Archive for March, 2006

March 25th, 2006

Pass-Through Attributes

by Tim Cull

In an enterprise environment, systems don’t just exist by themselves. They usually sit somewhere in the middle of a longish chain of systems that implement a long and complicated business process.

Take the systems at the financial company where I work as an example. Our researchers have a set of systems to find exploitable trends. The research systems send signals to our portfolio management systems that actually keep track of what we own. The portfolio management systems create orders and send them to our trade order management systems. The trading systems send orders to brokers and get fills back. Then the trading systems let the rest of our back office (a dozen or so other systems) know what happened.

Each system along the way only really cares about a subset of the total universe of information there is to know from signal to trade. But here’s the kicker: often a system will care about information from upstream that its immediate neighbors don’t care about.

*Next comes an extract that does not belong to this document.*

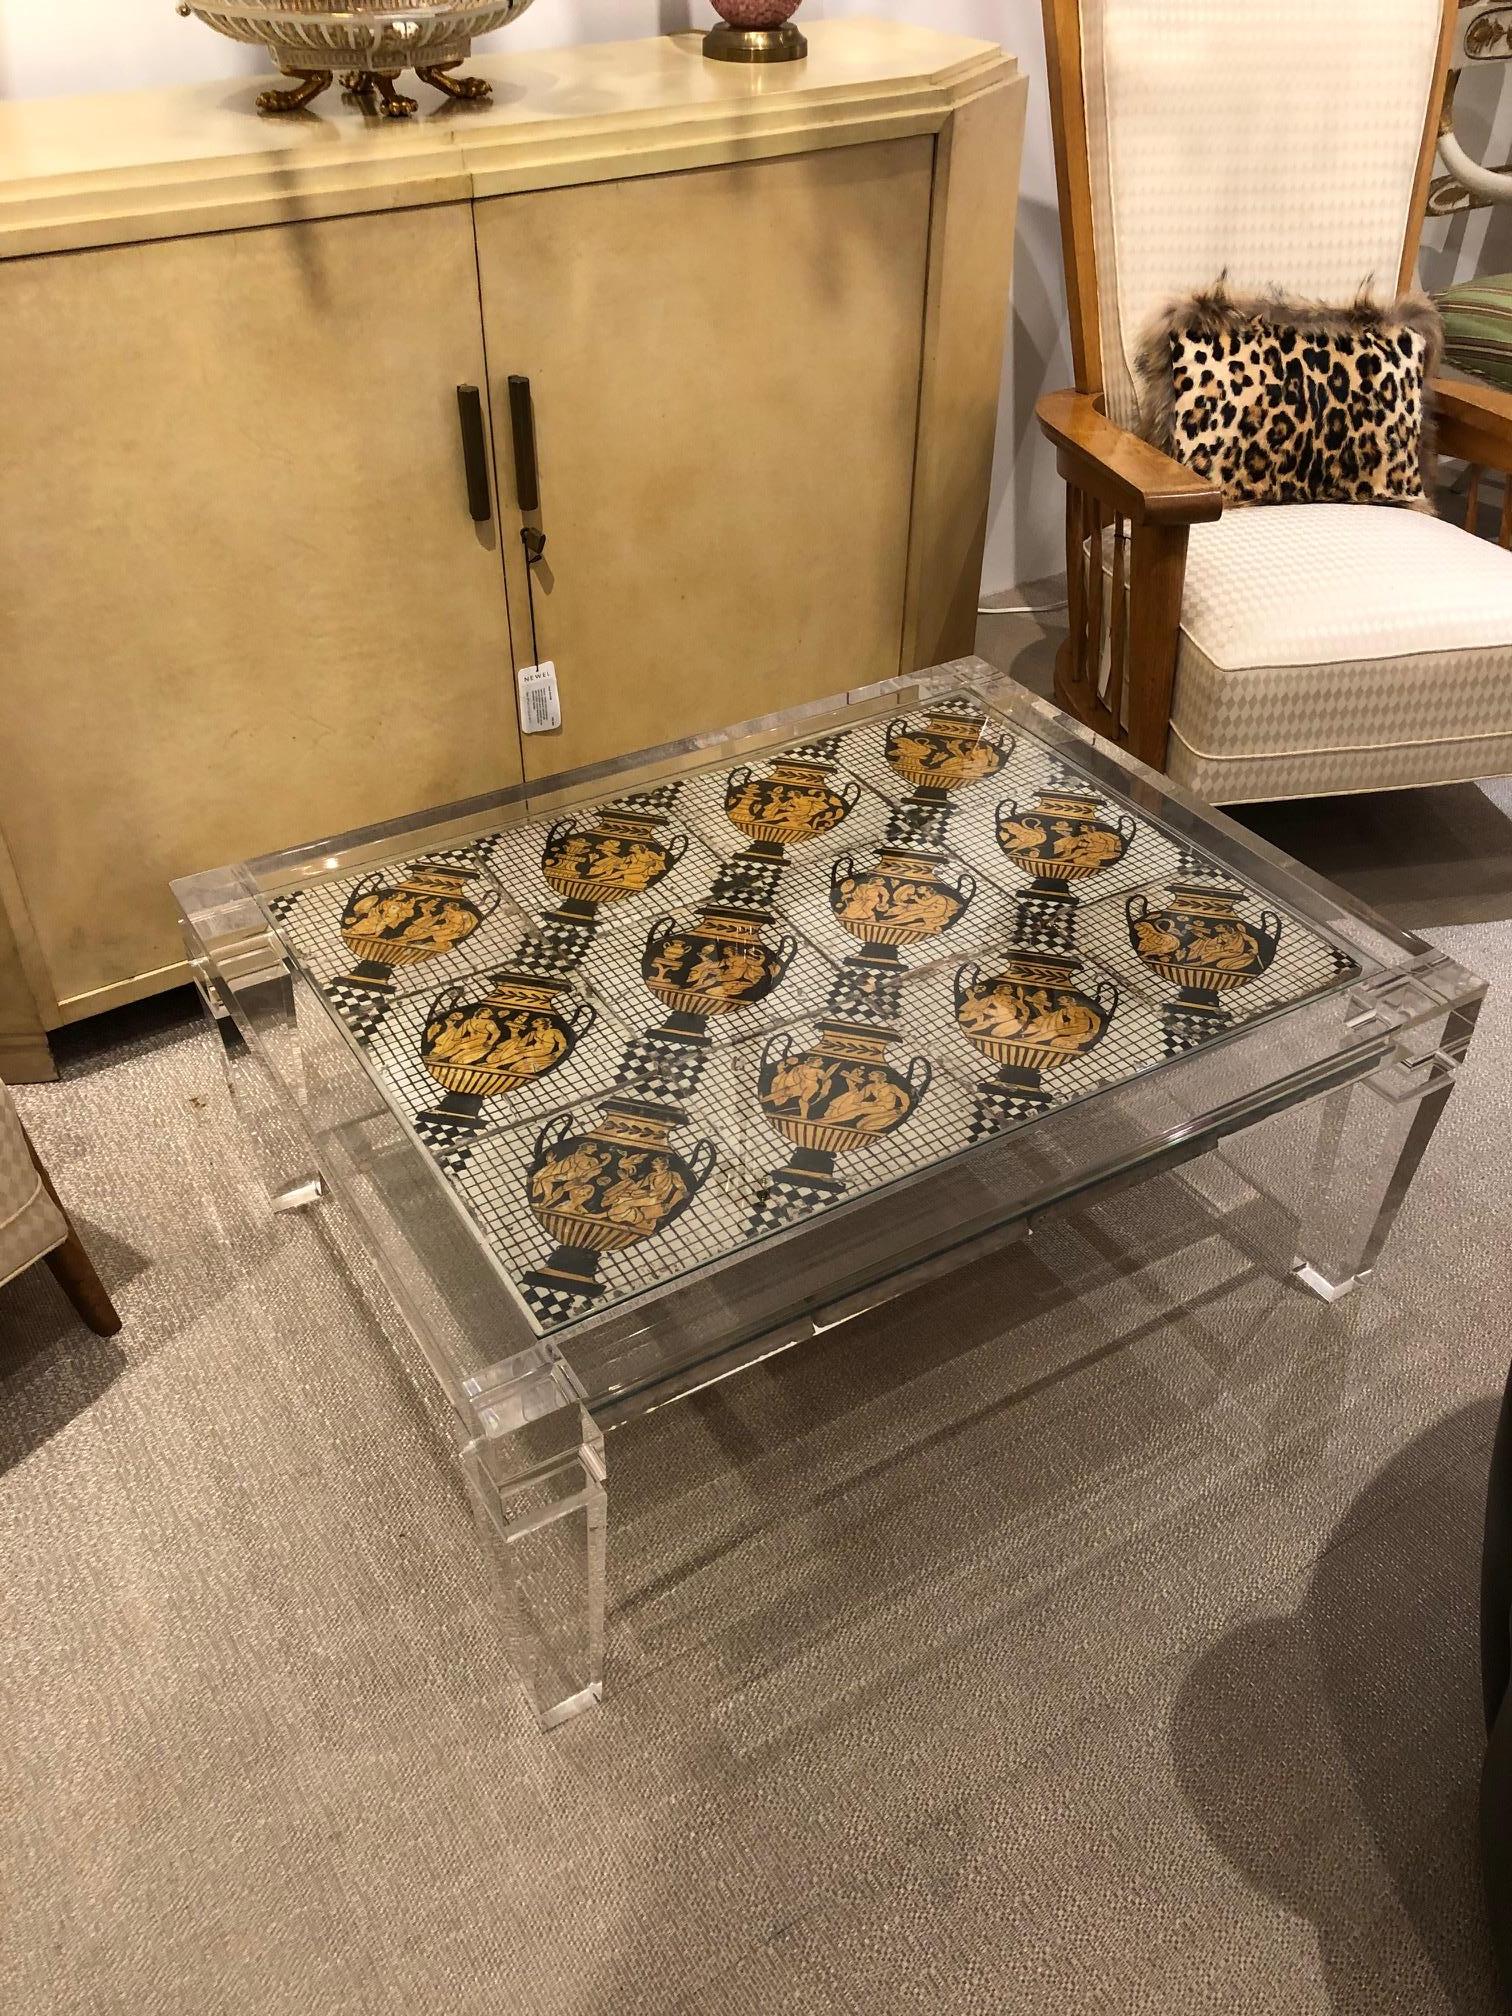 French (1940s) rectangular lucite coffee table with twelve black, white, and gold tiles with classical urn design. (attributed to: MAISON JANSEN)

Say you have a business process flow like this for an Order:
Research->Trading->Accounting

Research creates some piece of information (call it FooFactor) that Accounting needs to know. But Trading could care less about FooFactor. How does Research tell Accounting what the FooFactor is?

There are several common approaches:

Hot Potato: Information is passed in a chain one system after the other. This is the easiest to understand and probably the most common. In this case, Research creates an Order that contains a FooFactor attribute. Trading preserves the FooFactor as it was given to it and passes the whole Order on to Accounting. Sounds simple, right? But we’ve glossed over several details that make this whole thing much more difficult, such as:
1. The Research, Trading, and Accounting systems are maintained by different teams with different release cycles, managers, and priority setting steering committees.
2. Research, Trading and Accounting don’t really operate on the same Order object. Most likely, there’s a ResearchOrder, TradingOrder, and AccountingOrder. Research indirectly creates the TradingOrder by calling some public API on the Trading system and Trading indirectly creates the AccountingOrder by calling an API on the Accouting system.

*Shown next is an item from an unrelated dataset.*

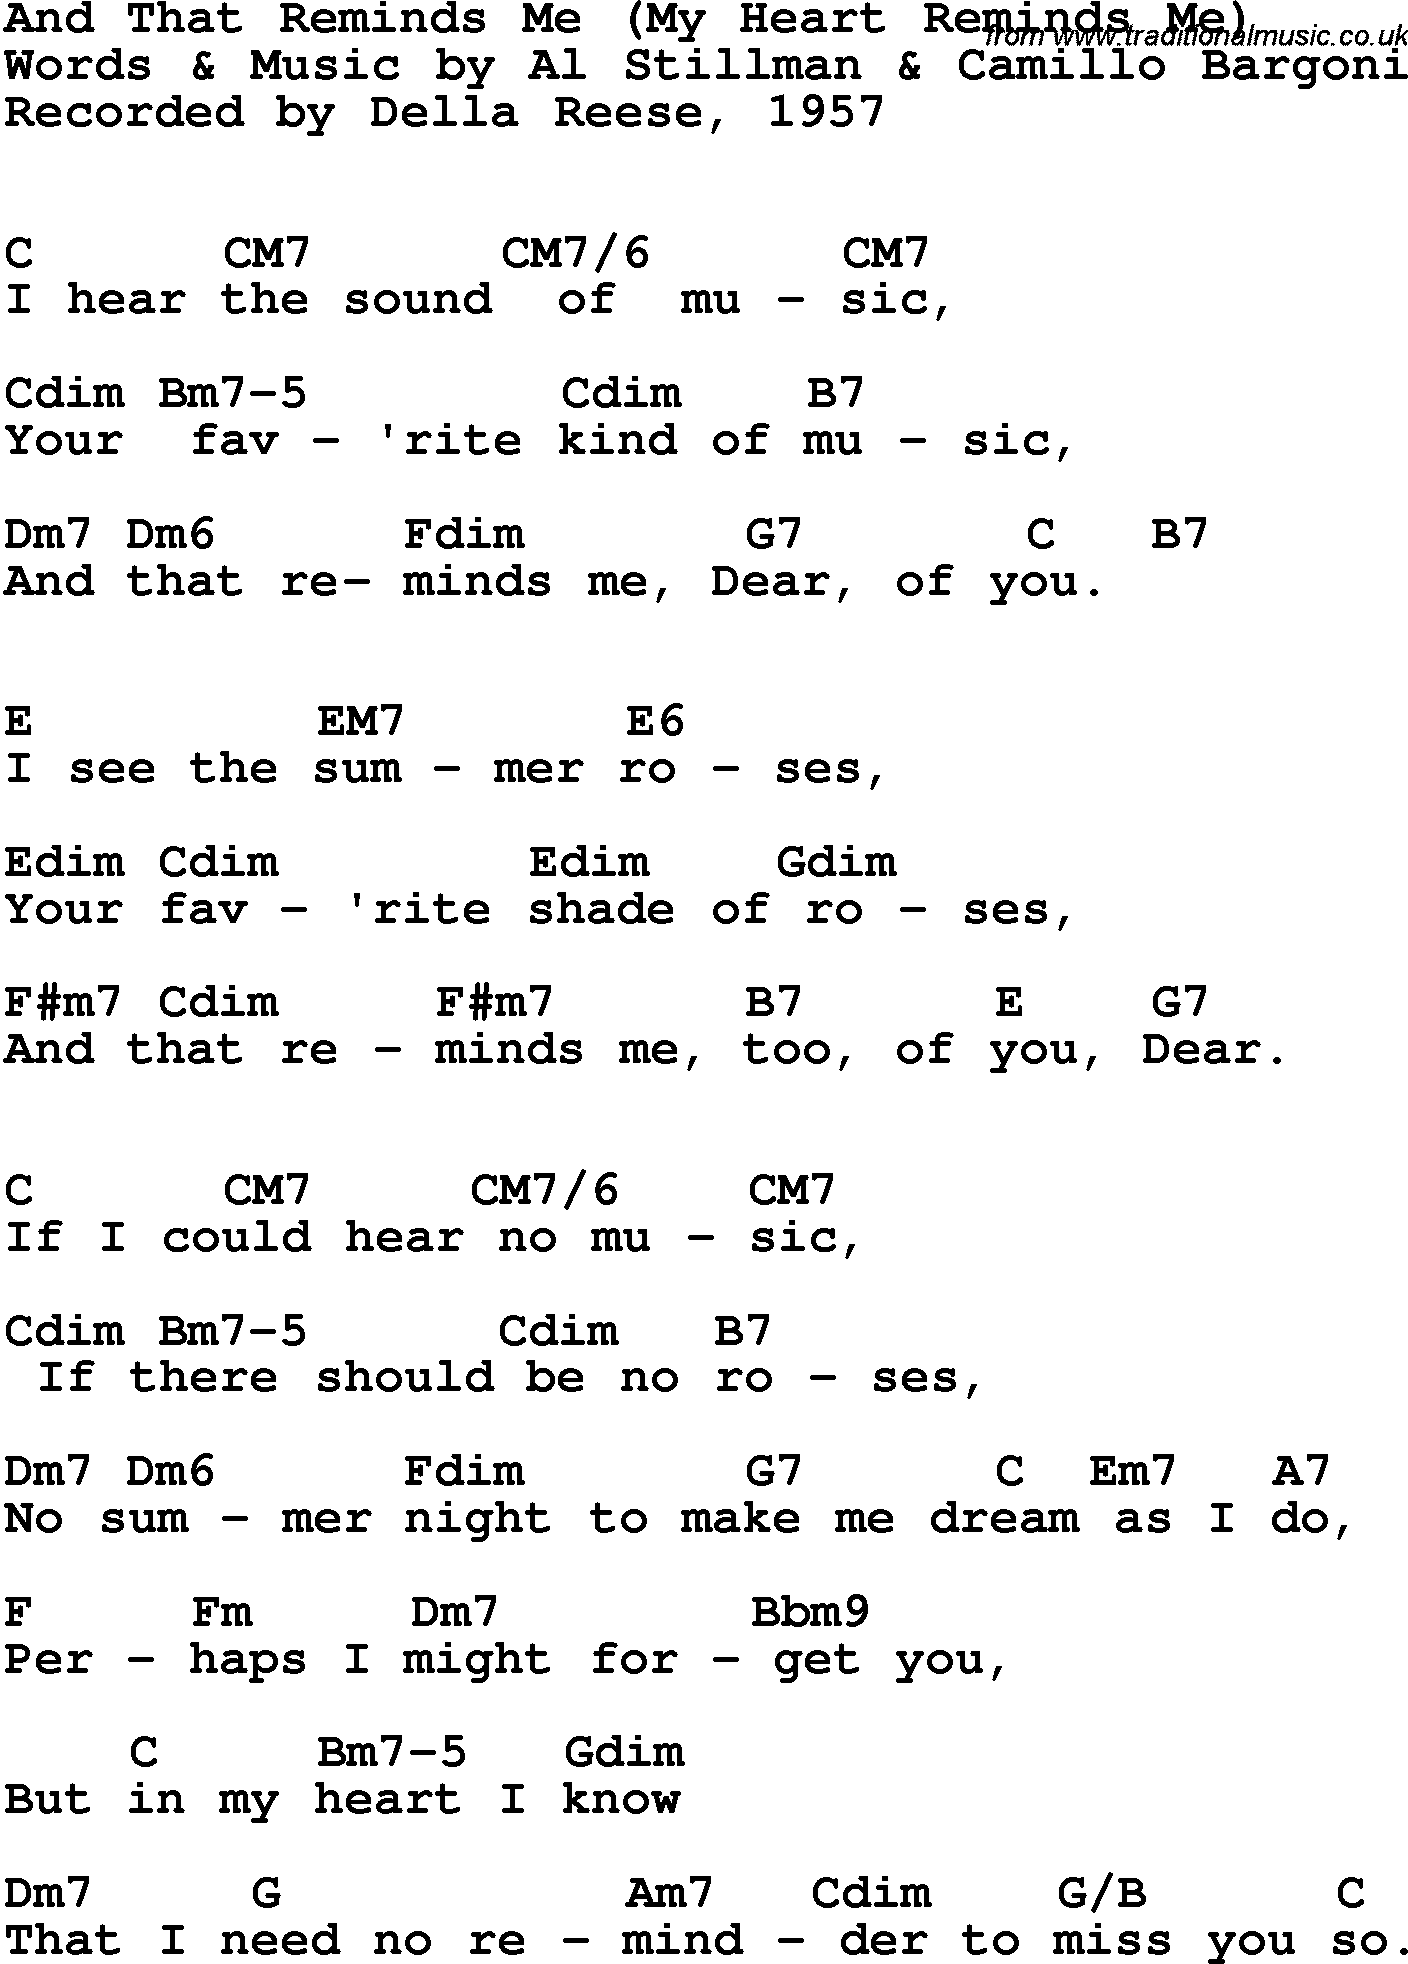 Song Lyrics with guitar chords for And That Reminds Me - Della Reese, 1957

Why does #1 matter? Well if Research and Accounting suddenly want to start tracking a new piece of information (call it BarFactor) then they need to get themselves on the schedule for Trading. And the steering committee for Trading doesn’t get any value from diverting their programmers to add BarFactor to the TradingOrder.

Why does #2 matter? Think about what happens when you’re not forced to use the same datatype. Maybe Research uses a Double for FooFactor. Trading, because it doesn’t care about FooFactor, just stores it as a String. Accounting may use a Float. This all works fine until the first time someone places an order with 40 billion and 1/1000000 FooFactor. Then Research works fine but Accounting blows up. Or even worse, Trading silently truncates FooFactor because its database representation of FooFactor only had 10 characters. So Accounting gets the wrong number but doesn’t know it.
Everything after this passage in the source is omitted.